Type out the listing below exactly. Pictures stay out of it.
Data below:
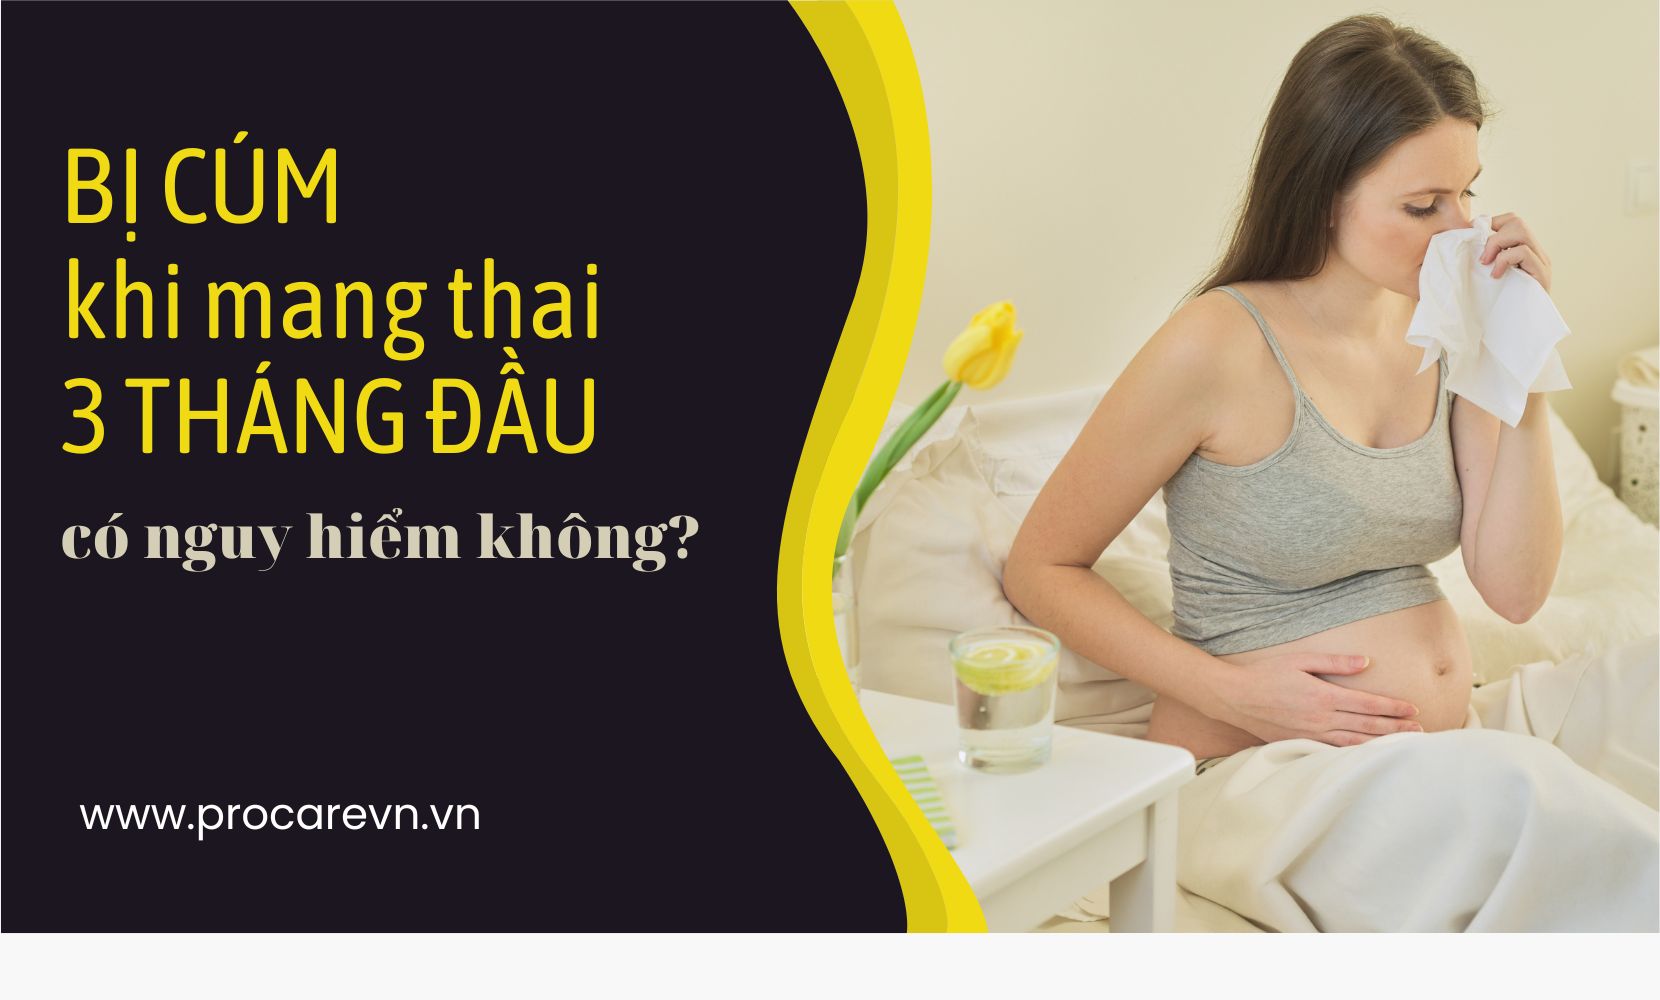 Mang thai 3 tháng đầu bị cúm có nguy hiểm không?
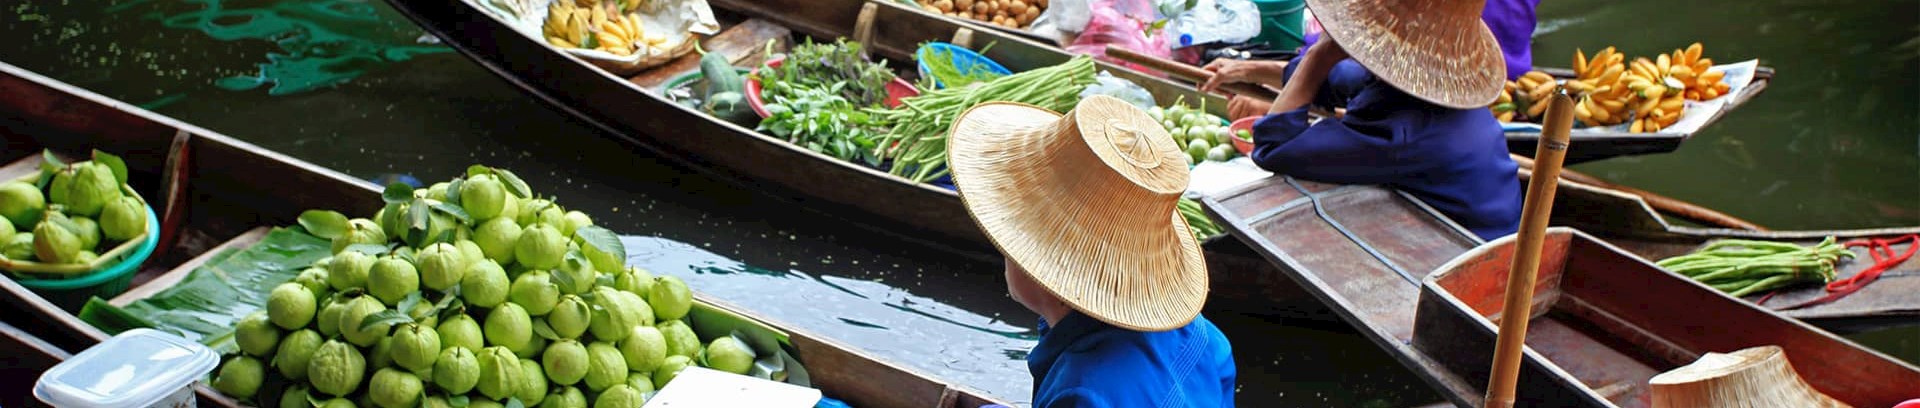 Billede af både med fragt af grøntsager og frugt i Bangkok, Thailand
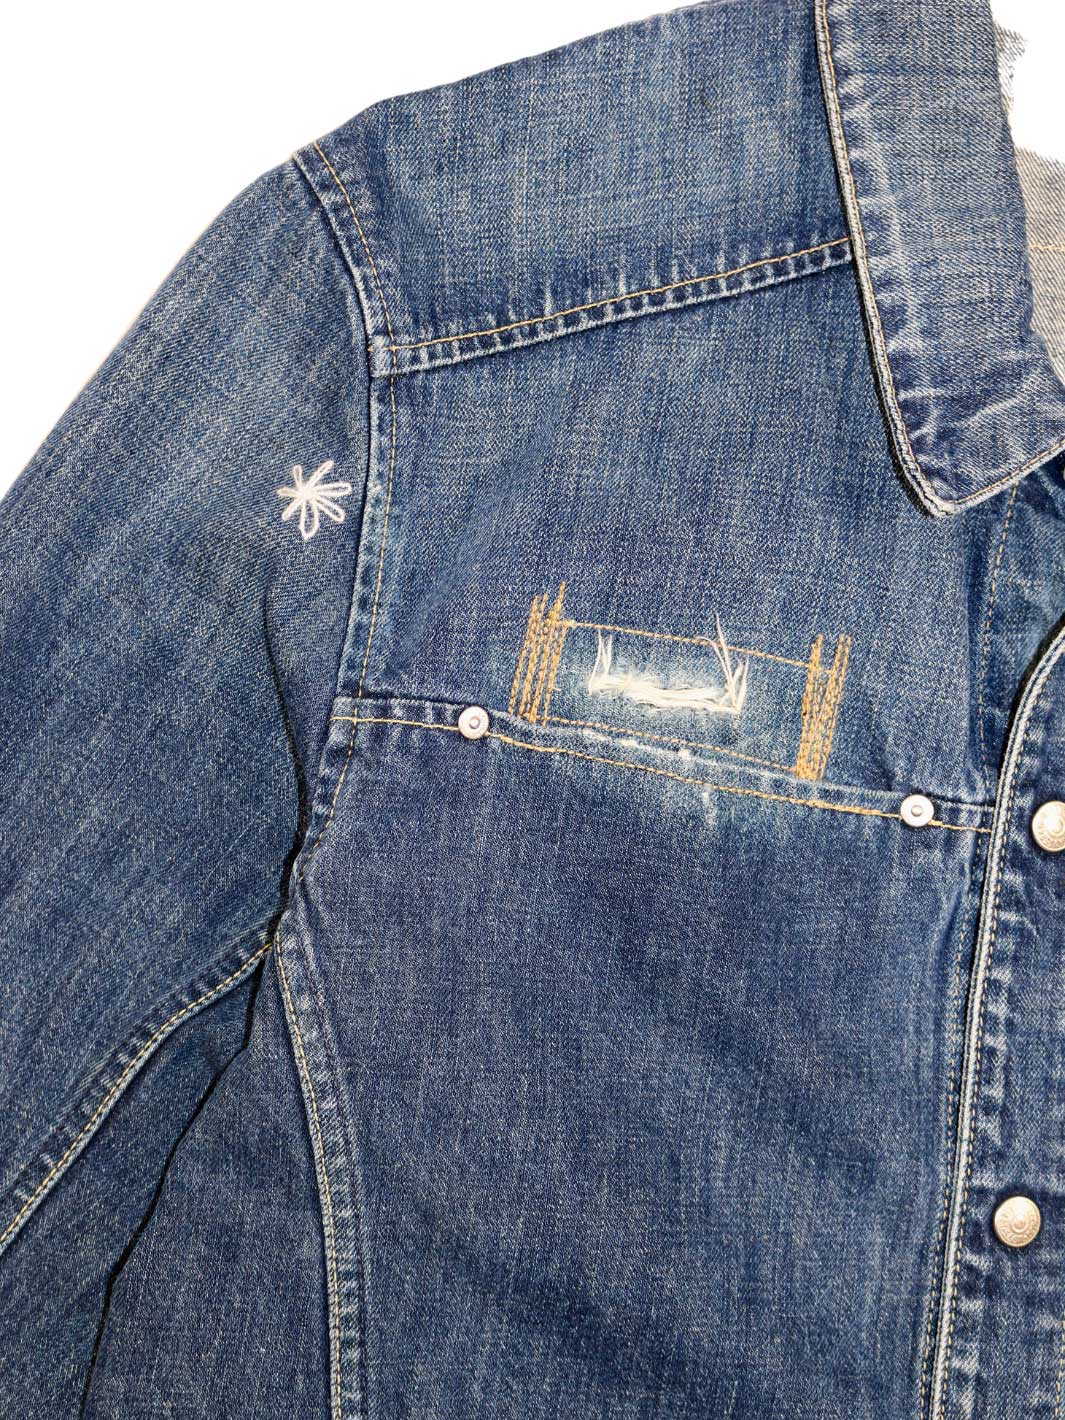 Herren upcyceled  Jeansjacke mit Leistentasche auf echter Seite diverse Repair Stitchings
End of Data.
**Task solution**
 Mang thai 3 tháng đầu bị cúm có nguy hiểm không?
 Billede af både med fragt af grøntsager og frugt i Bangkok, Thailand
 Herren upcyceled  Jeansjacke mit Leistentasche auf echter Seite diverse Repair Stitchings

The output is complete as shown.